(Exercise objective): Leave the pictures aside and copy all the data exactly.

(Data section):

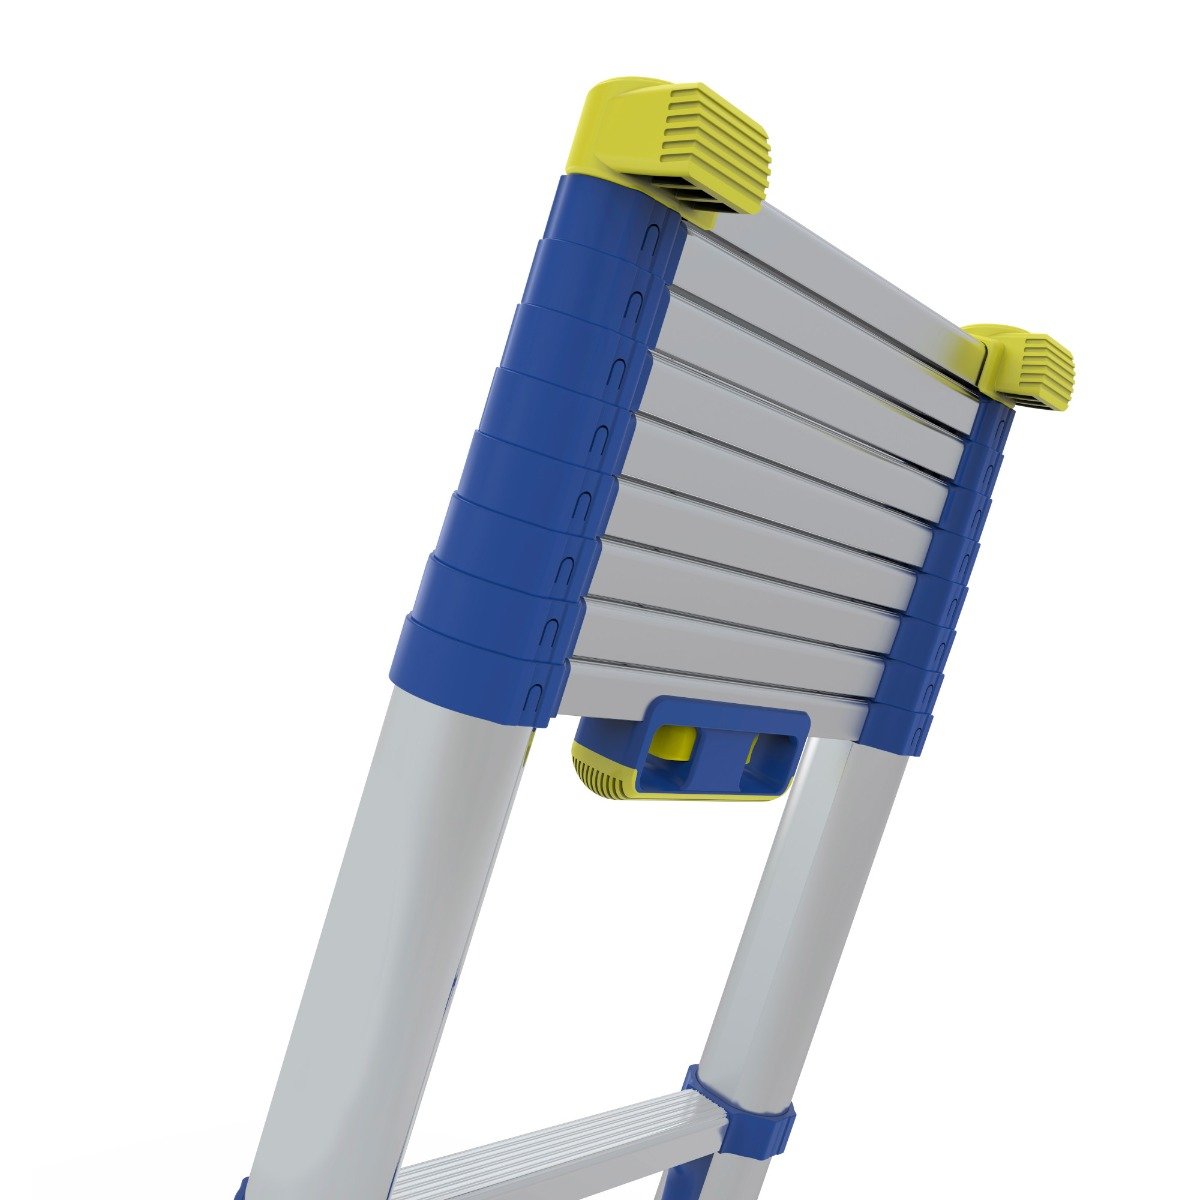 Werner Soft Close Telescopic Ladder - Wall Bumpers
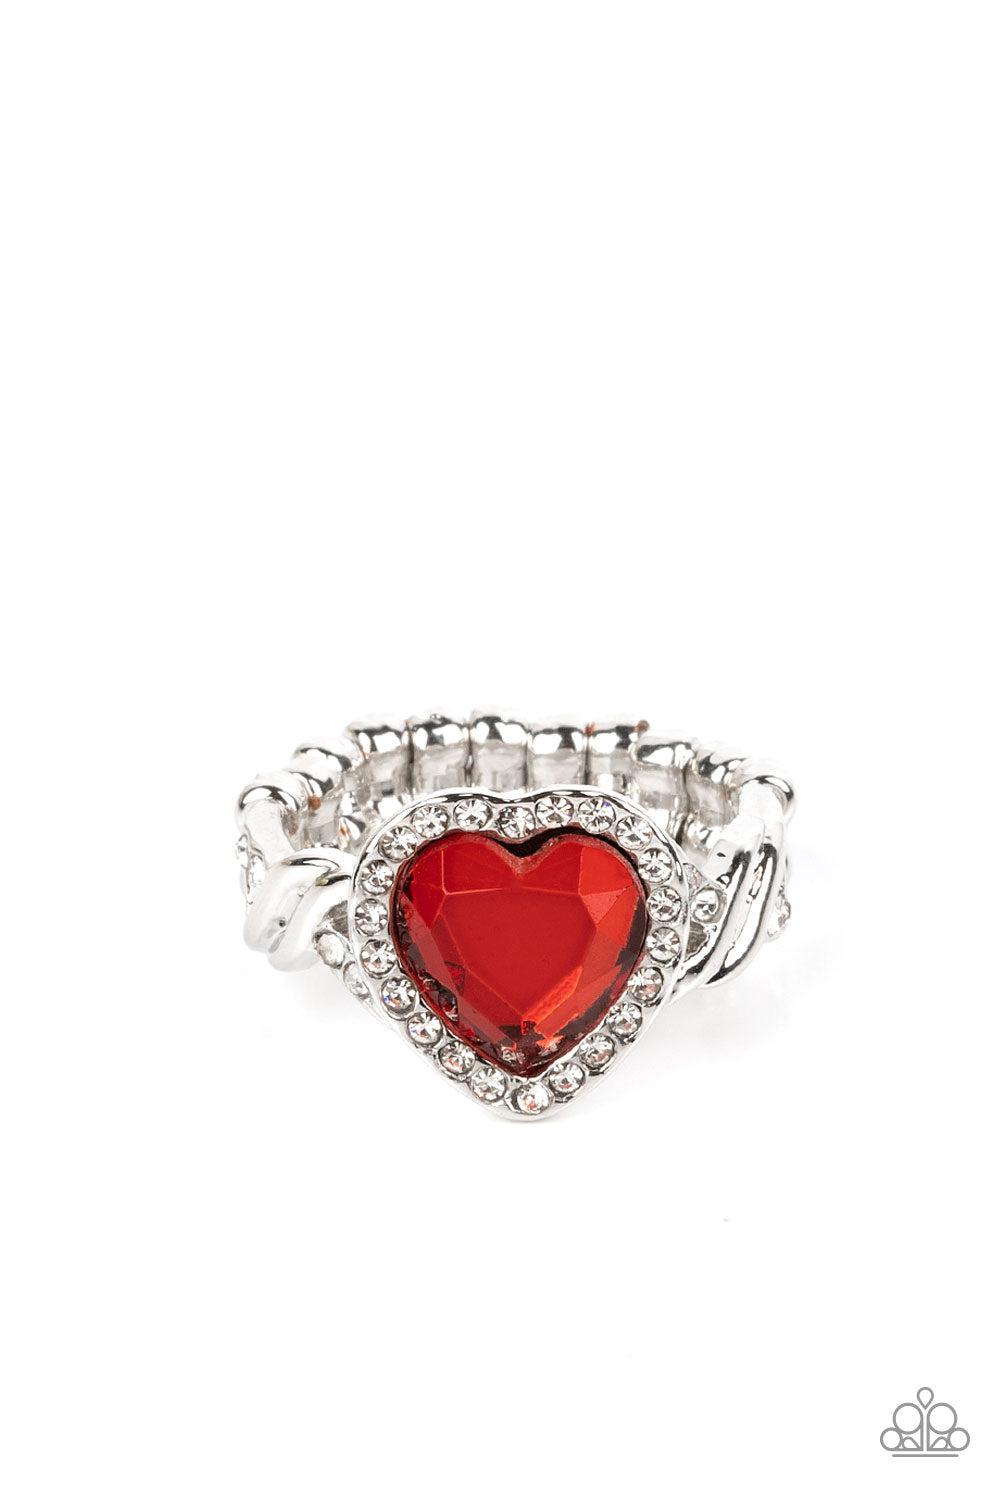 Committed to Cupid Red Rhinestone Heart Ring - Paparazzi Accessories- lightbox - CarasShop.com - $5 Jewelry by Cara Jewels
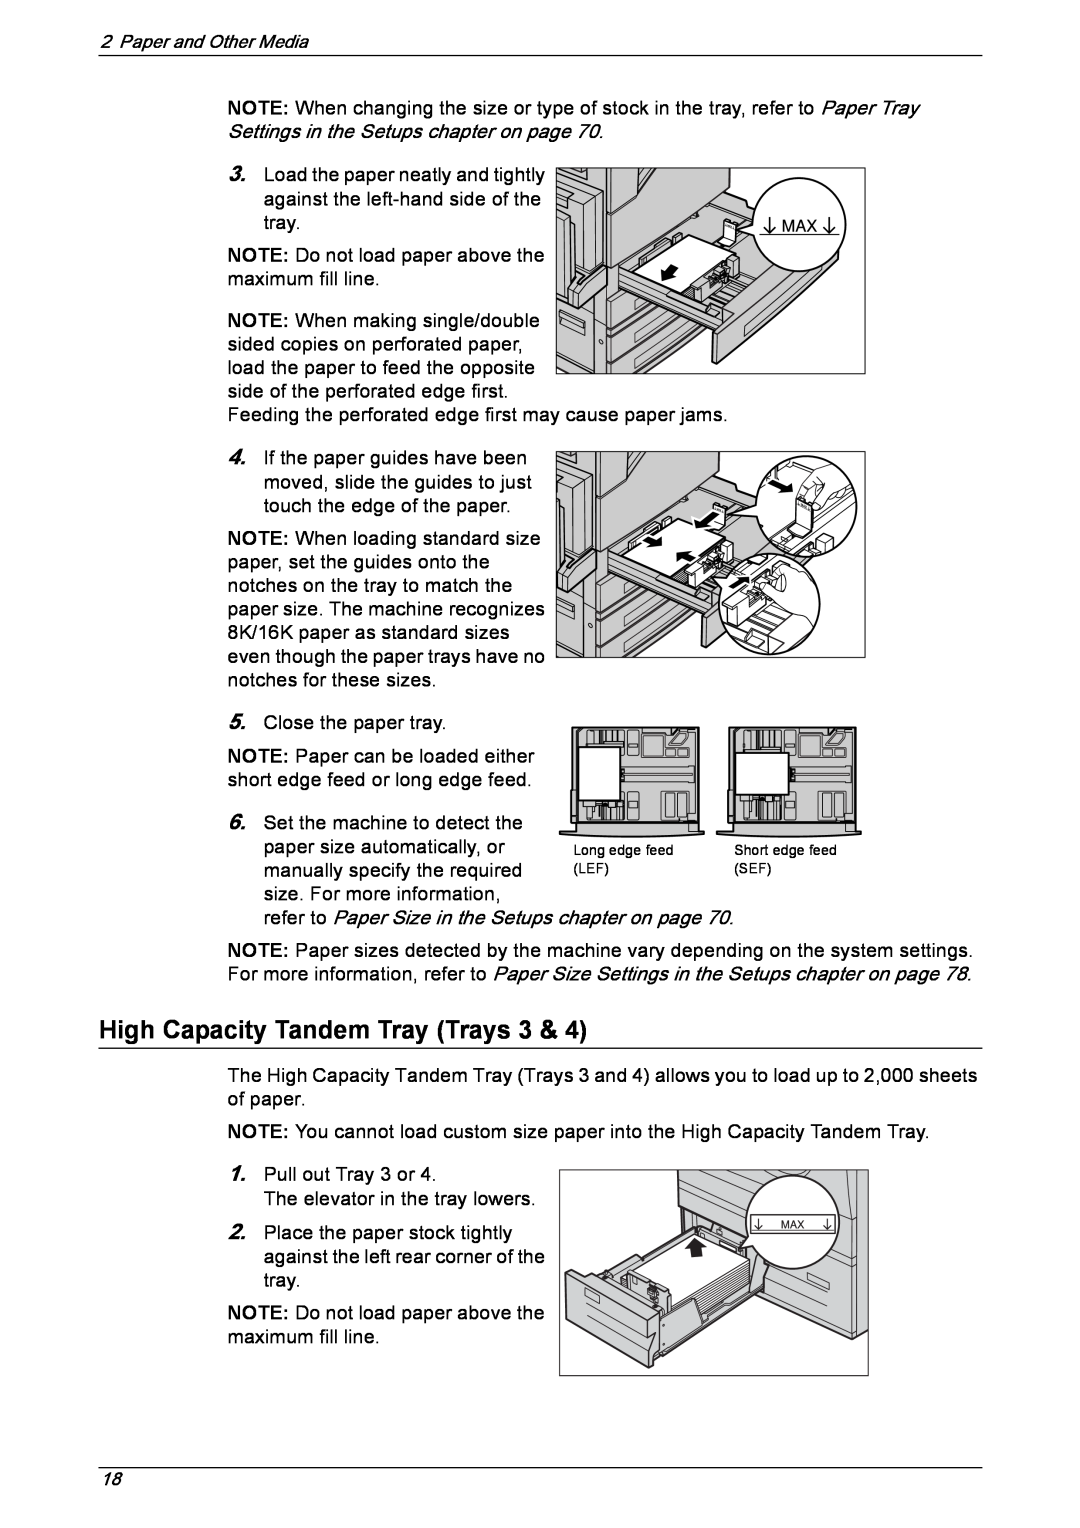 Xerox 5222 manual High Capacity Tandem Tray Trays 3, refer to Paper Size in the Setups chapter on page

(Written reply):
 Werner Soft Close Telescopic Ladder - Wall Bumpers
 Committed to Cupid Red Rhinestone Heart Ring - Paparazzi Accessories- lightbox - CarasShop.com - $5 Jewelry by Cara Jewels
 Xerox 5222 manual High Capacity Tandem Tray Trays 3, refer to Paper Size in the Setups chapter on page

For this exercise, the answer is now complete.